Posted on July 28th, 2014 by Daniel Ryder
The governors of Nevada and Delaware recently signed a compact that will lead to the two states sharing online poker player pools.

An interstate compact with Nevada could help Delaware revive its online poker sites. (Image: Robert Craig/Gannett-cdn.com)

When the World Series of Poker was in full swing last month, it would have been easy to think that America’s online poker marketplace was booming. All eyes were on Nevada, where a flood of serious poker players were set to continue the momentum the state’s poker sites first started building in May. But of course, Nevada isn’t the whole story, and other states have had a different experience this summer.

The state of Delaware saw online poker revenues drop by 55 percent month-over-month in June, an unprecedented drop that left revenues at their lowest point since the sites first launched last November. The dip, which comes after the previous low of $57,470 in revenue brought in during May, took the monthly total down to a paltry $25,607.

Small Population, Smaller Player Pool

The raw numbers have always looked bad in Delaware. With the state’s small population, it was always going to be difficult to maintain an active poker room, even with all three of the racinos in the state feeding into the same player pool.
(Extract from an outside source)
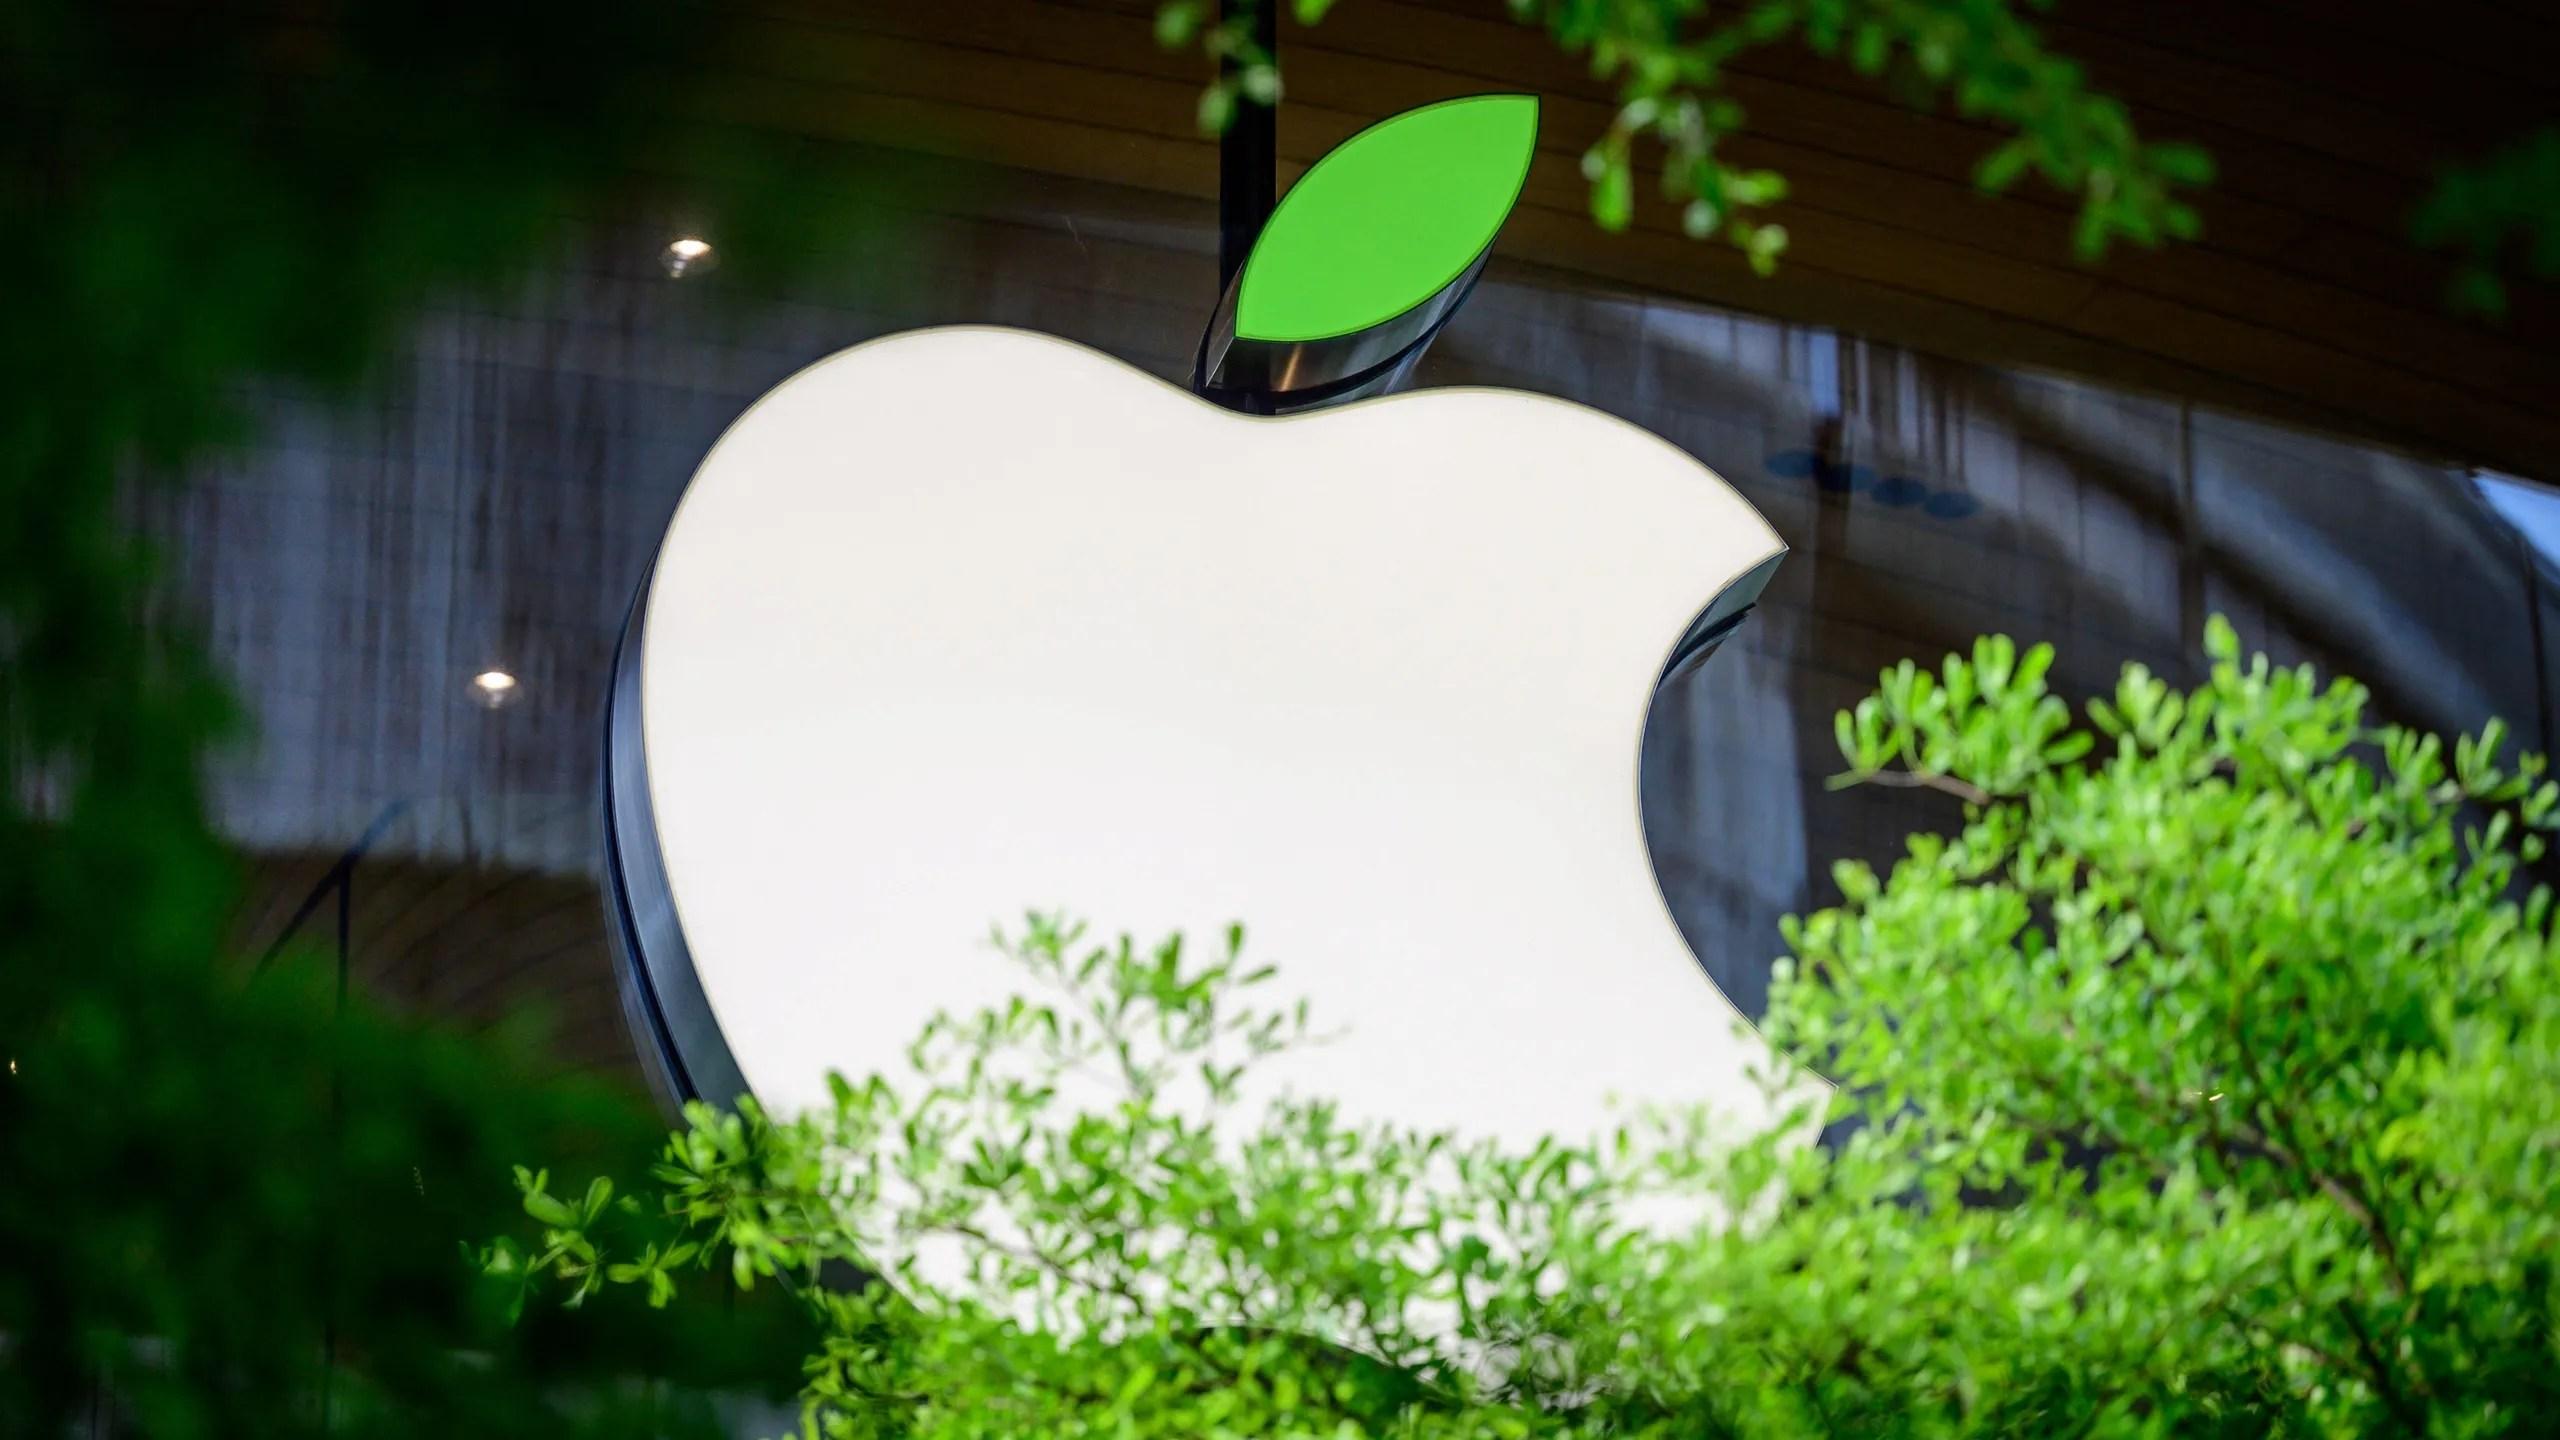 Erlebe die neueste apple keynote im stream und sieh dir das archiv der special event ankündigungen für unsere produkte und services an. Apple So Sind Sie Live Bei Der Ersten Keynote 2021 Dabei Gq Germany

But the large drop could signal that the state’s player pool has dropped below a key threshold, and that the poker sites could struggle to maintain a critical mass of players necessary to keep games going.

Of course, there are seasonal reasons for the drop as well. We’ve already mentioned the World Series of Poker, which likely drew some of the state’s high volume players away to Nevada for at least part of the month. And summer is always a slower period for Internet poker, both in the United States and worldwide. But the extent of the drop is still concerning, especially if the trend can’t be reversed in the coming months.

Overall, Delaware Park continues to fare the best of the three state race tracks, claiming about 62 percent of all online poker revenues. Dover Downs has about 30 percent of Internet poker traffic, while Harrington claims the remaining eight percent. All three tracks share players, but receive revenues based on which track’s site players join the online poker room through.

It’s clear that Delaware needs an influx of poker players, and since the state’s population isn’t likely to provide them, they’ll need to come from an outside source. The state’s compact with Nevada could help provide some relief: though it is unclear when exactly the states will start sharing player pools, the merger is expected to happen sometime this year, with 888 Poker being the primary beneficiary.

Overall Internet Gaming Numbers Up for State

While online poker is struggling in Delaware, the overall Internet gambling numbers were actually up for the state in June. Despite a 16 percent drop in table game wagering, the overall revenues for the state’s online gambling sites were up to $187,944, up about 7 percent compared to May.

There are also positive signs for future growth as well. A total of 399 new accounts were created at Delaware’s gambling sites in June. That may not seem like a lot, but it’s up from 342 in May, and represents the first increase since November.

Of the three states that regulate online gambling, Delaware easily takes in the least money from the industry. New Jersey collected $9.5 million (including $2 million from poker) in June, while Nevada, which only regulates online poker, took in $862,000 in May.